• Dataset extract
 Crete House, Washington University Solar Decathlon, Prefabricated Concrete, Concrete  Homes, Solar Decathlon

...

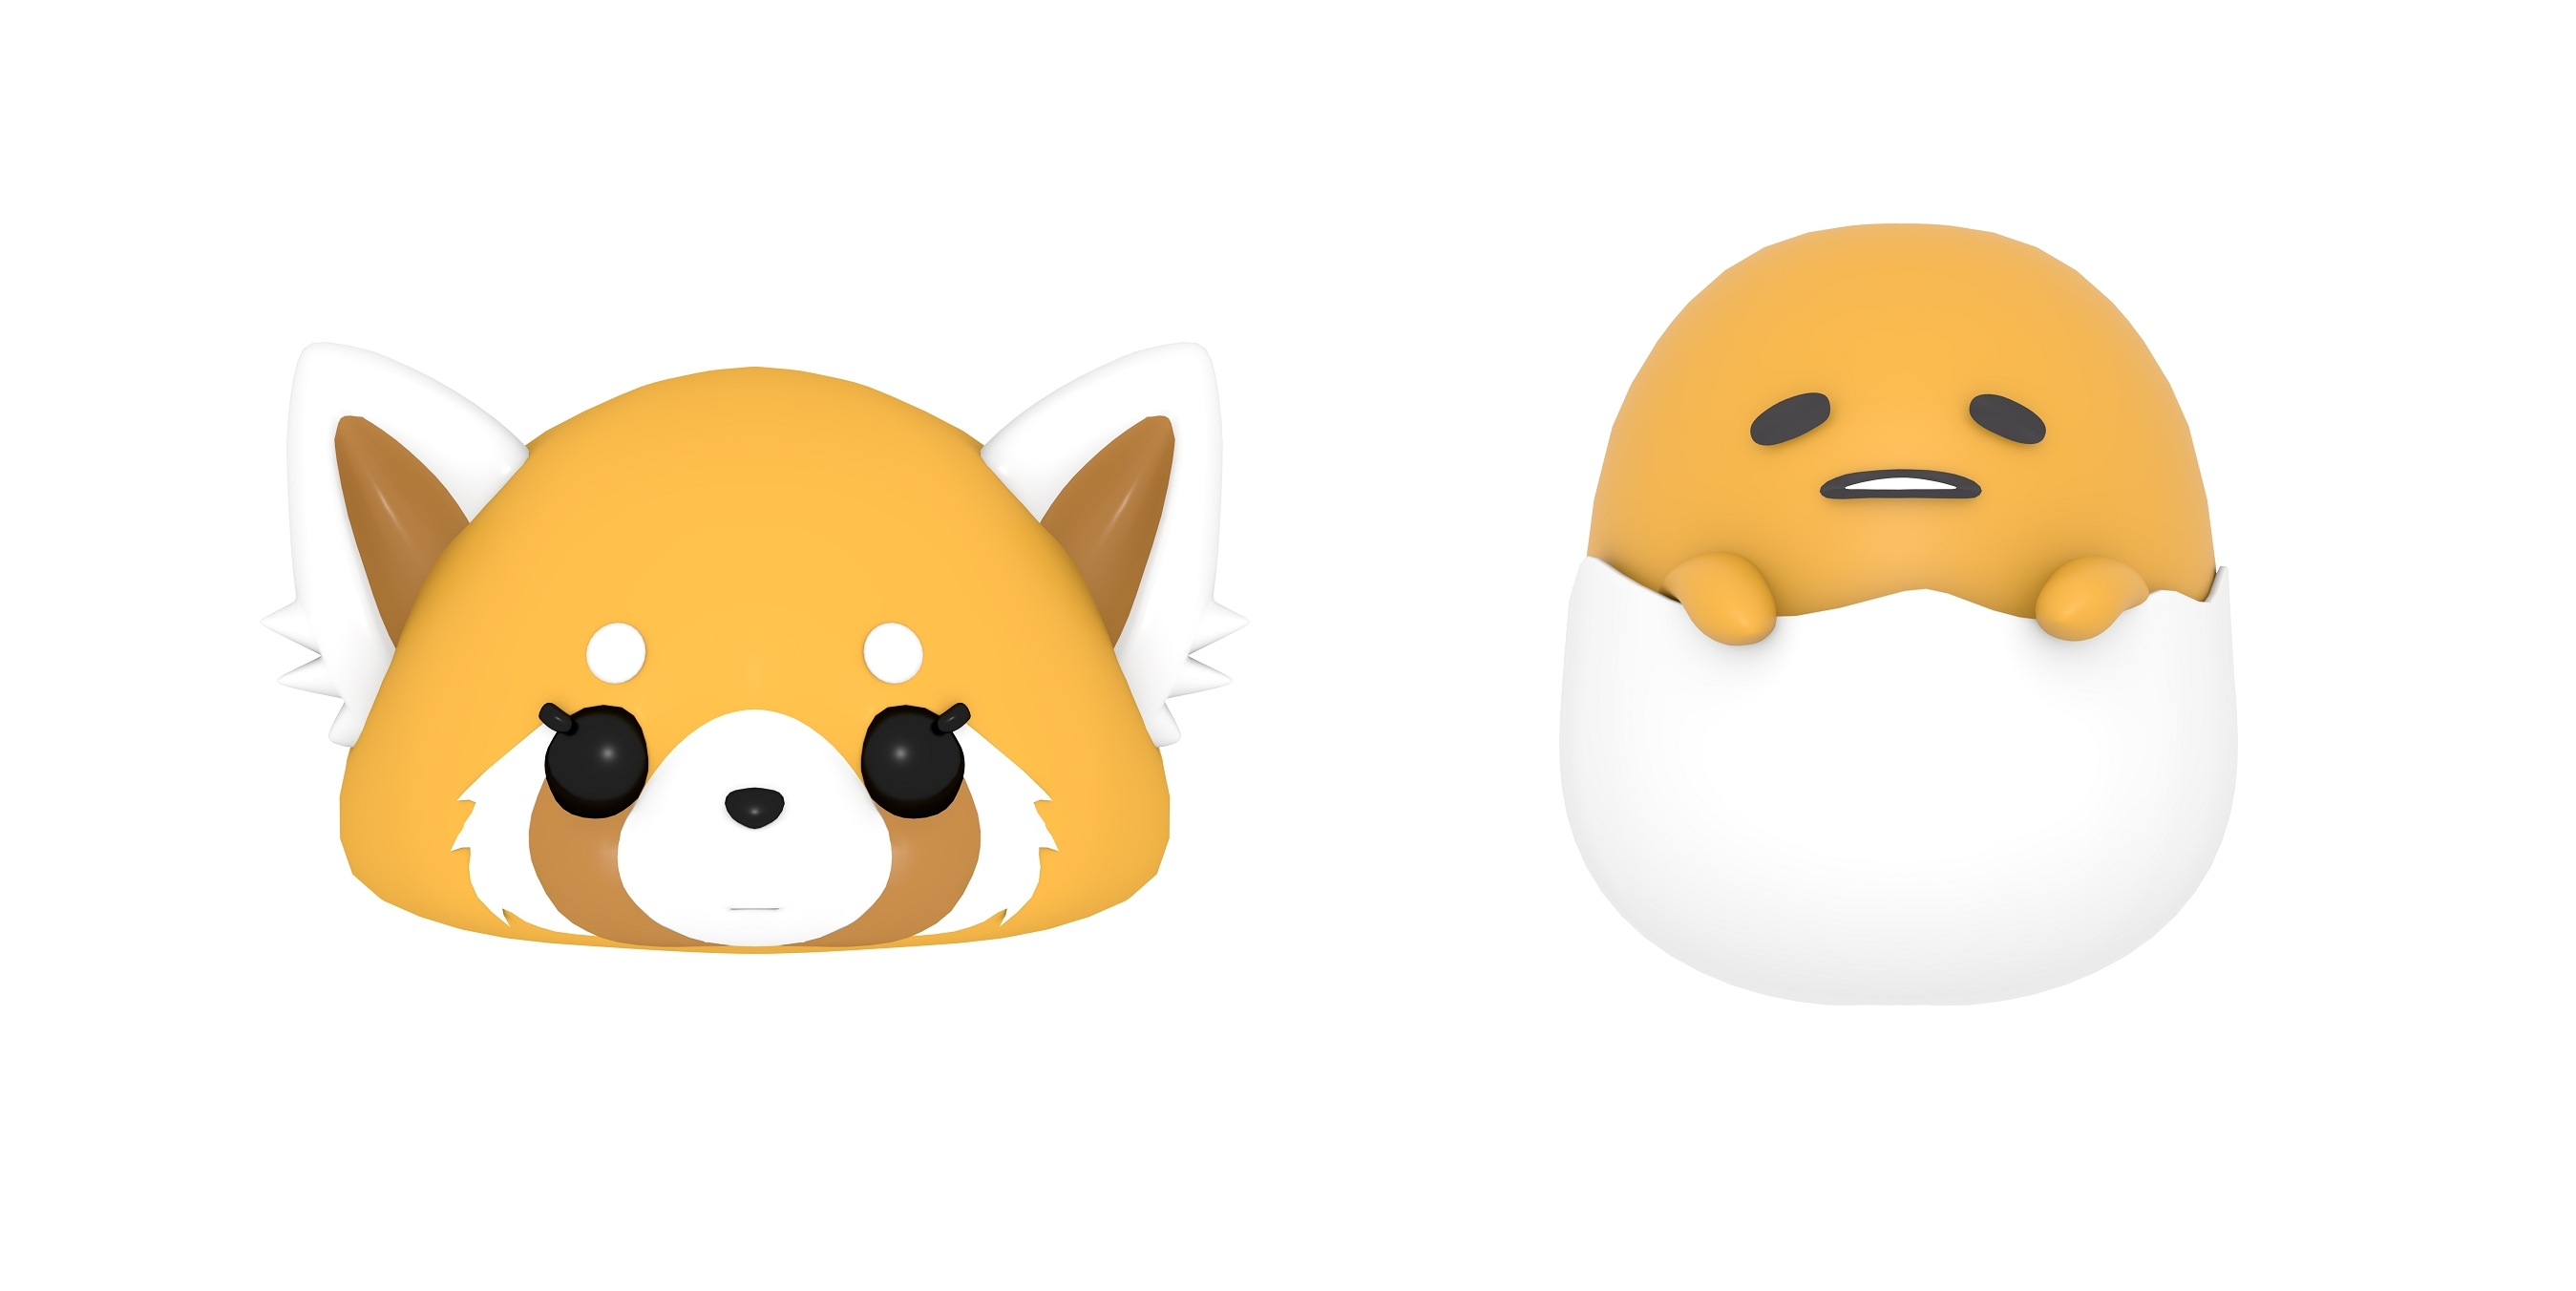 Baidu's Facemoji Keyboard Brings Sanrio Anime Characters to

--

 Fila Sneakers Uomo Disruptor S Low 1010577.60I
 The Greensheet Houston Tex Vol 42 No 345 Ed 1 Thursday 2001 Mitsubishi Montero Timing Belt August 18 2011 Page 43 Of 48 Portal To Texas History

• What to produce
Keep both end lines and retype everything in the records above from the line containing "Fila Sneakers Uomo" through the line containing "The Greensheet Houston", exactly, with nothing else.

• Exercise output
 Fila Sneakers Uomo Disruptor S Low 1010577.60I
 The Greensheet Houston Tex Vol 42 No 345 Ed 1 Thursday 2001 Mitsubishi Montero Timing Belt August 18 2011 Page 43 Of 48 Portal To Texas History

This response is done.